Dès son entrée aux Beaux-Arts, Combas apporte une esthétique novatrice. Alors que l’art conceptuel domine la production artistique française, il prend le contre-pied du courant dominant et s’attache à redéfinir l’utilisation de l’espace, de la couleur et de la figuration. Partant du principe que « tout a, de toute façon, déjà été fait », Combas s’approprie les grands poncifs de l’art, et ouvre ainsi de nouvelles possibilités dans la voie d'un retour à la figuration.
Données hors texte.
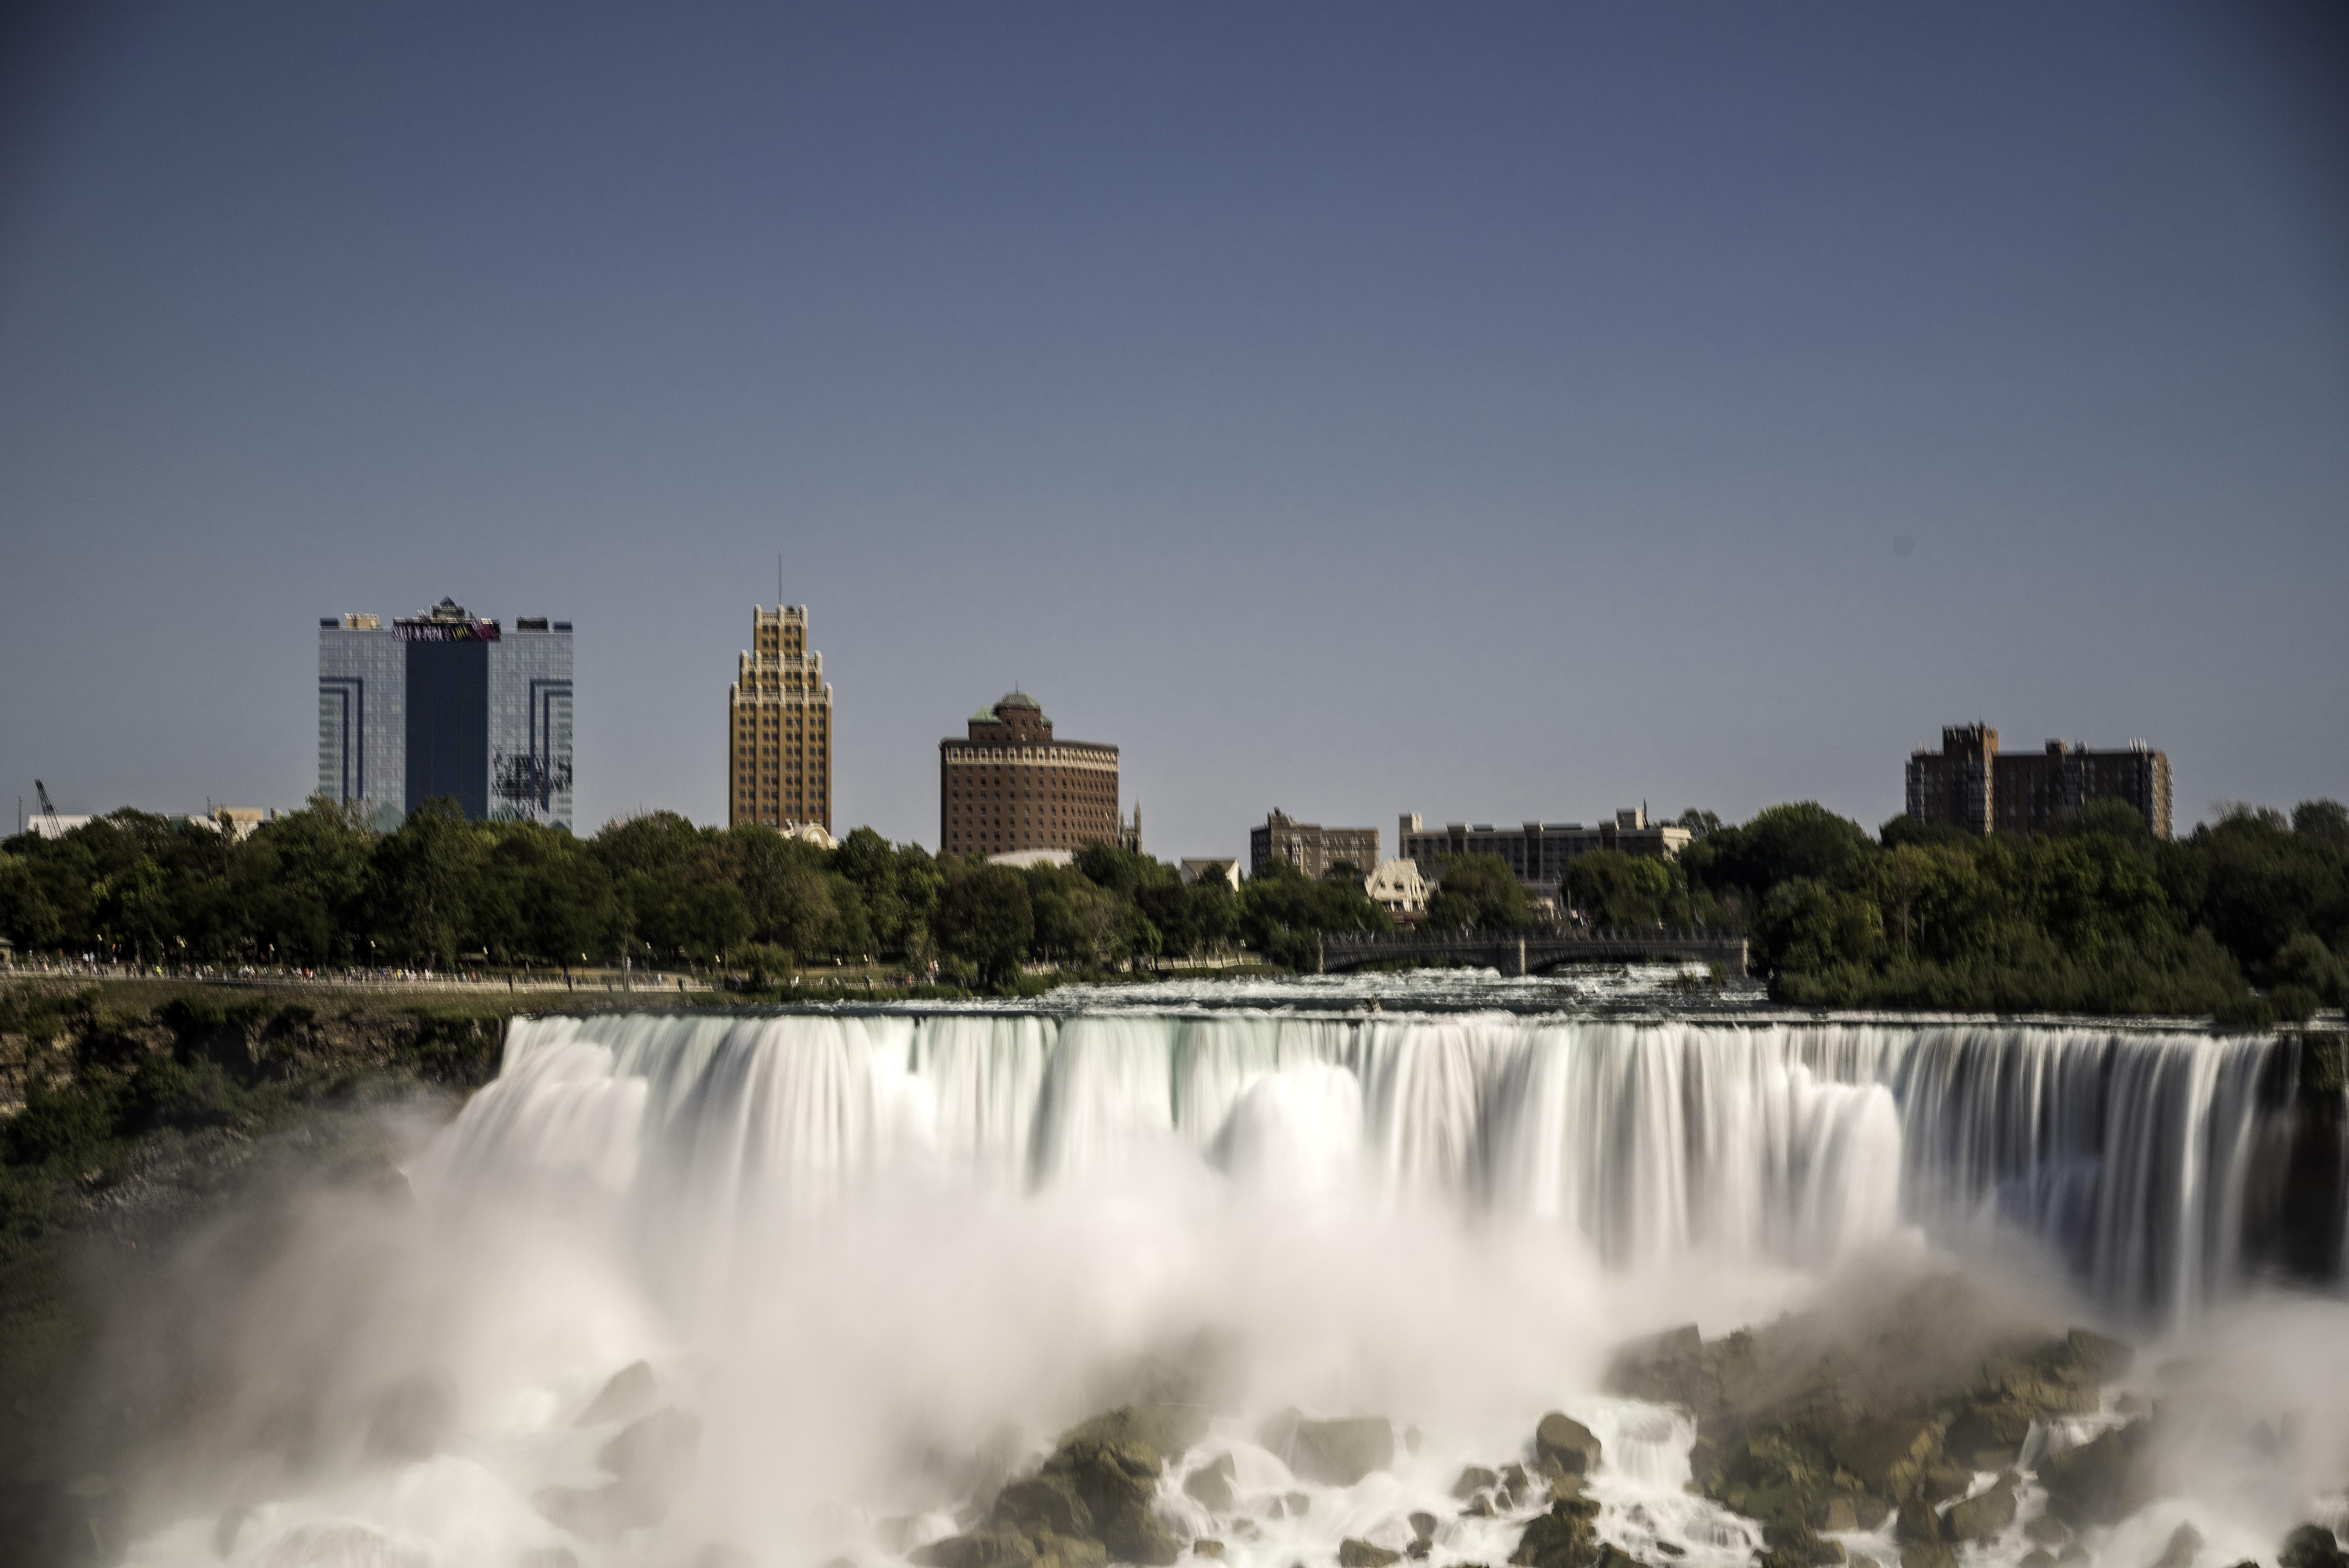 Niagara falls hotel resort packages
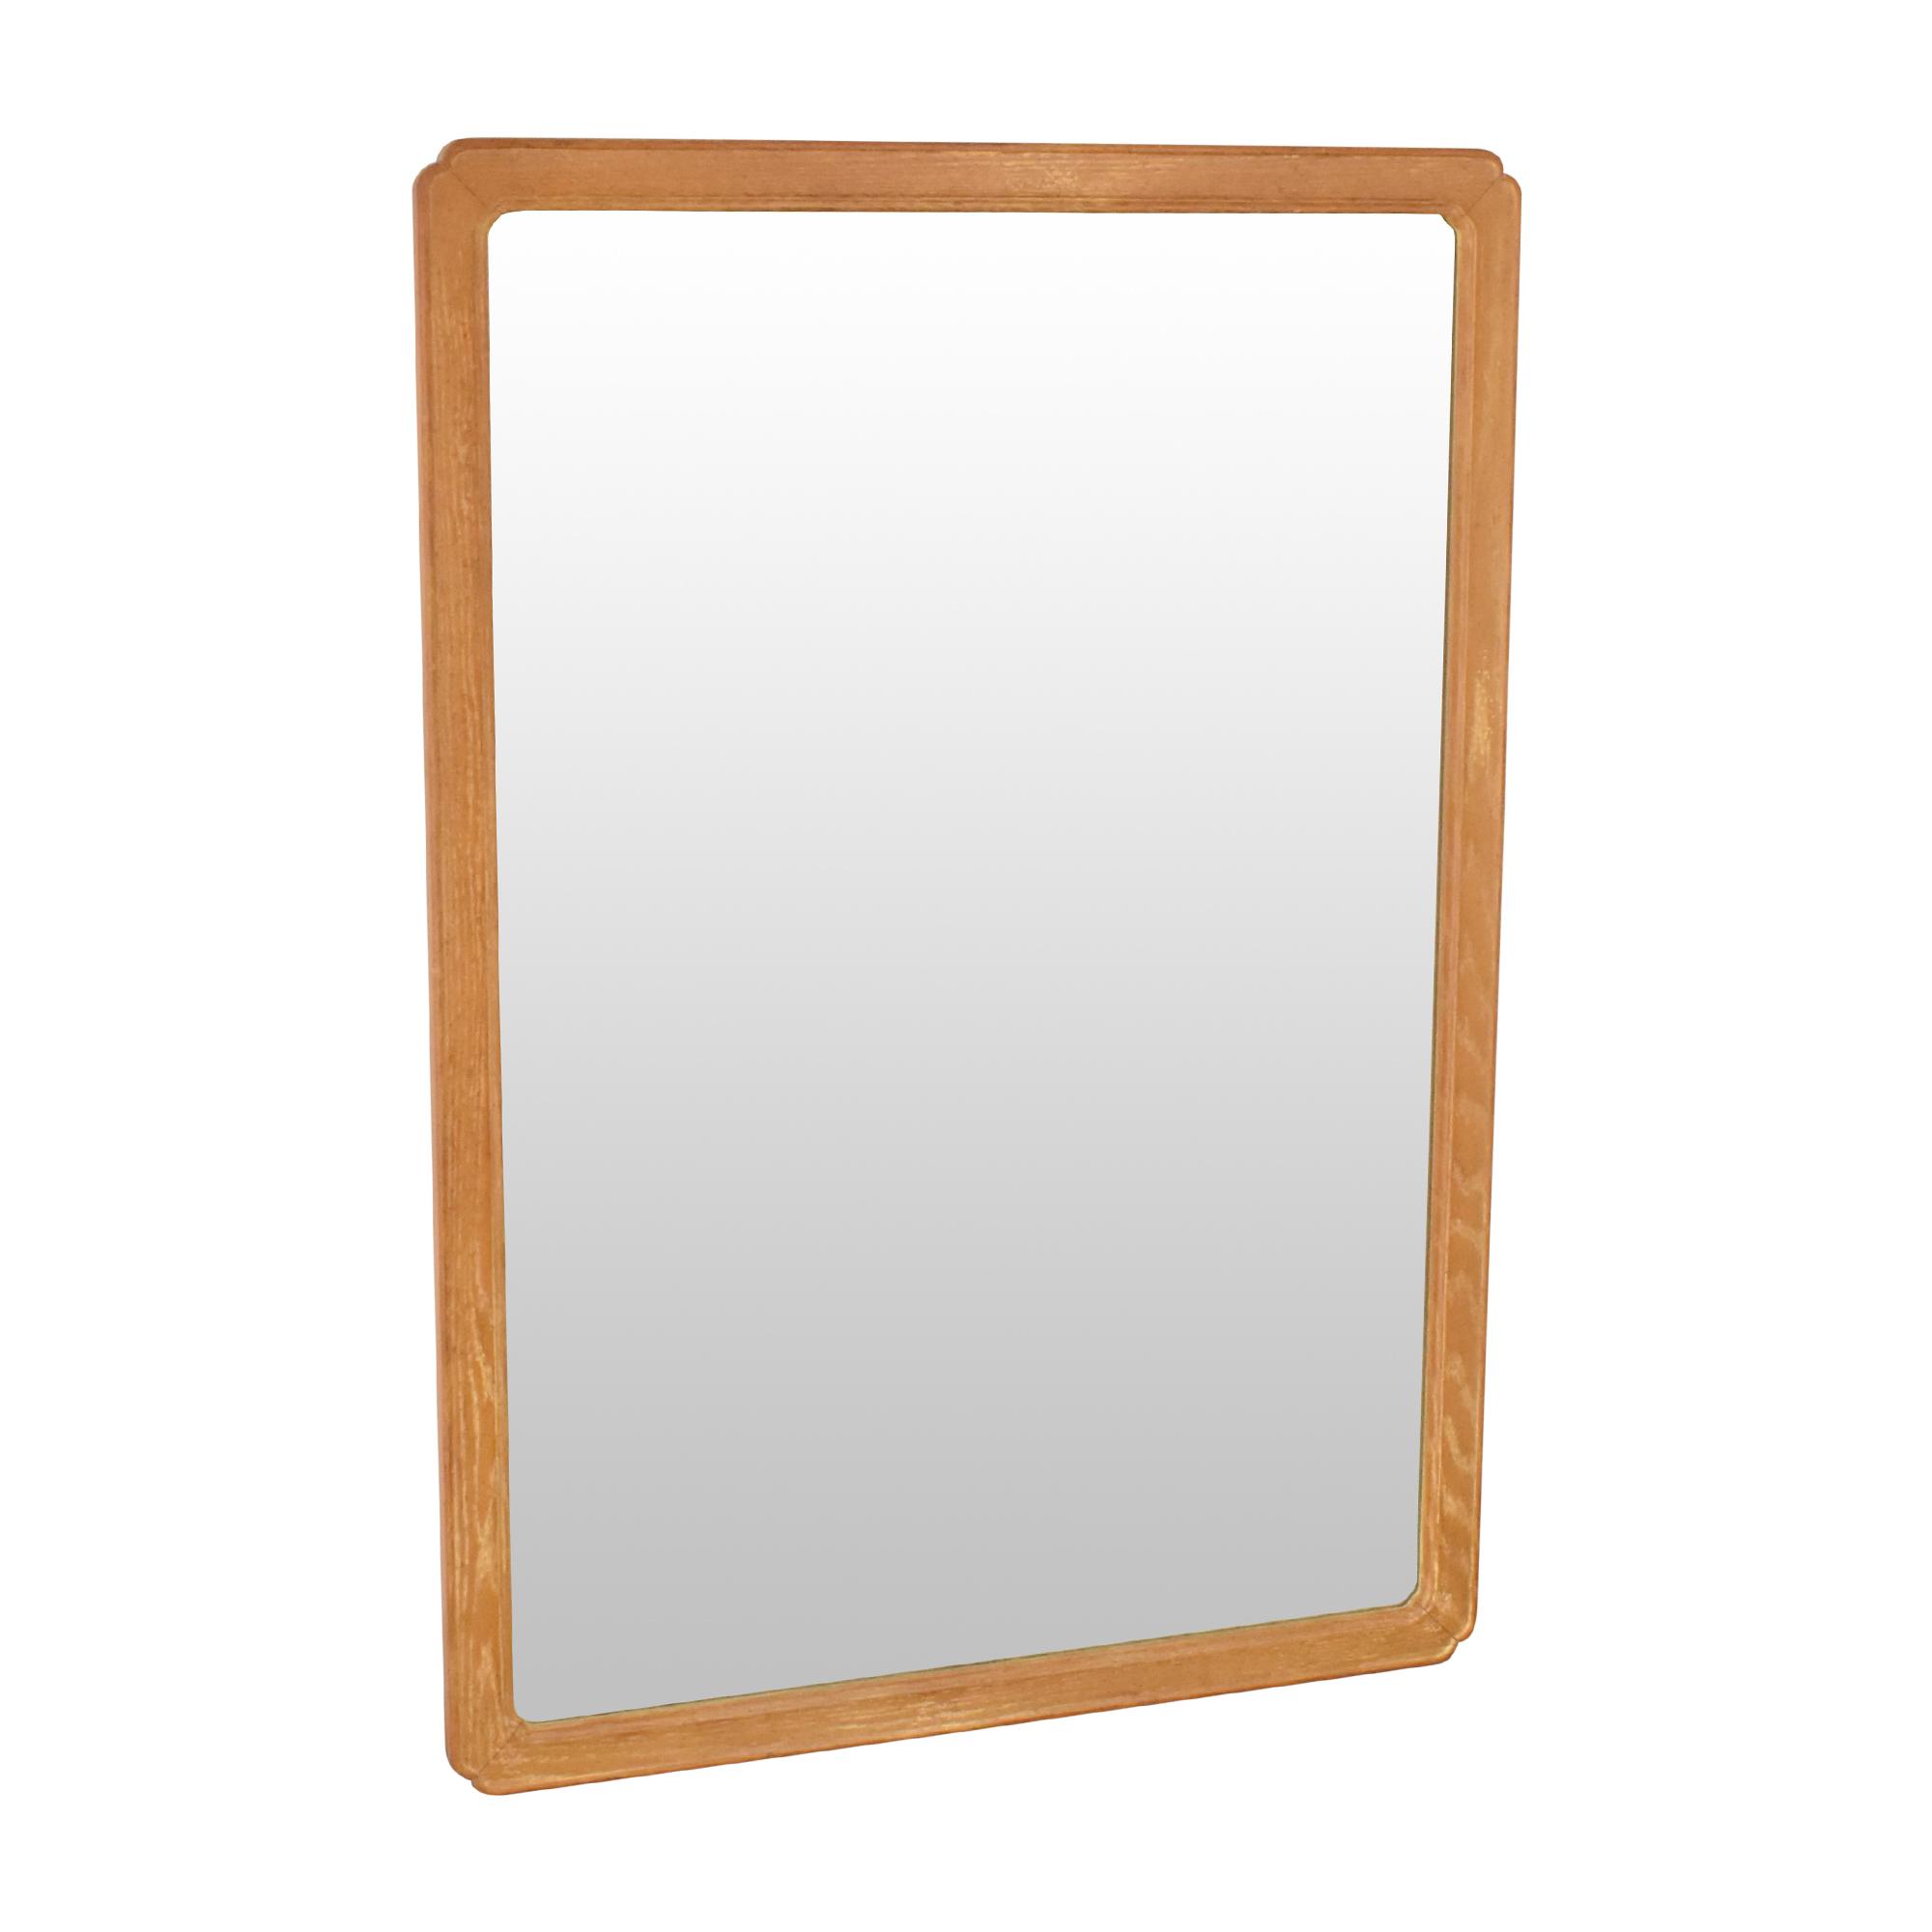 Henredon Framed Mirror / Decor

Dès 1977, Combas peint la série des Batailles, sujet complet et toujours d’actualité, puis poursuit, entre autres, avec ses appropriations de la figure de Mickey Mouse. Il crée ensuite le Pop Art Arabe. Cette expression de son invention désigne des œuvres aux airs de publicités « des pays sous-développés », marquées de fausses écritures arabes. Son esthétique est à l’époque assez brute et influencée par tout ce qui occupe sa vie de jeune adulte : télévision, rock, BD, sexe...

Combas passe son diplôme des Beaux-Arts en 1979 à Saint-Étienne. Bernard Ceysson est membre du jury, il lui propose de participer, l'année suivante, à l'exposition « Après le classicisme » au musée d'art moderne.

1985 la fanfare du ragelade

1985 - La fanfare du ragelade

Naissance de la figuration libre

Robert Combas et Hervé Di Rosa sont tous deux originaires de Sète. Ils y créent, en 1979, en compagnie de Catherine Brindel (Ketty), la revue Bato, « œuvre d'art assemblagiste et collective ». Parallèlement, Combas et Ketty forment, avec Buddy (le frère d'Hervé Di Rosa), un groupe de rock, Les Démodés, qui connaît un succès d'estime dans le sud de la France.

Alors que Combas est aux Beaux-Arts de Montpellier, Di Rosa s'inscrit à l'École Nationale Supérieure des Arts Décoratifs de Paris. C'est là qu'il rencontre François Boisrond puis le critique d'art Bernard Lamarche-Vadel qui leur propose de participer à une exposition dans l'appartement qu'il doit quitter, en 1981. Cette exposition, à laquelle participent également Jean-Charles Blais, Jean-Michel Alberola, Denis Laget et Catherine Viollet, constitue le véritable point de départ de la Figuration Libre.

L'expression « figuration libre » est trouvée, au cours de l'été de 1981, par l'artiste Ben qui a invité Combas et Di Rosa à exposer dans sa galerie de Nice. Ce mouvement regroupe cinq artistes, Rémi Blanchard, François Boisrond, Robert Combas, Hervé Di Rosa, et Ludovic Marchand.

L'exposition 5/5, Figuration libre France/USA organisée en 1984 par le Musée d'Art Moderne de la Ville de Paris consacre officiellement cette mouvance en la confrontant à la génération des « graffitistes » new-yorkais (Jean-Michel Basquiat, Crash, Keith Haring, Kenny Scharf). On peut mesurer à cette occasion ce qui réunit mais aussi ce qui distingue les peintres américains des français.

2007 l'admirateur de fleurs

2007 - L'Admirateur de fleurs

Cette nouvelle génération de peintres est animée par un enthousiasme et une désinvolture qui contrastent avec la sévérité des années 1970 (art minimal et conceptuel, Arte povera, Supports/Surfaces, etc.). Cependant, à la différence de la Transavangardia italienne et des néo-expressionnistes allemands, ces peintres ne se réfugient dans aucune nostalgie. Ils s'inscrivent sans honte ni culpabilité dans l'actualité de leur temps, avec un style coloré, graphique et simplifié inspiré de la bande dessinée, de la science-fiction, des dessins d'enfants et de la culture des banlieues.

Les artistes de Figuration libre restent cependant moins influencés par les graffitis que les Américains. Leur peinture fait davantage référence aux « arts populaires » : monstres et robots pour Di Rosa ; art brut et imagerie arabe et africaine pour Combas ; contes et légendes, cirque pour Blanchard ; publicité et objets industriels pour Boisrond.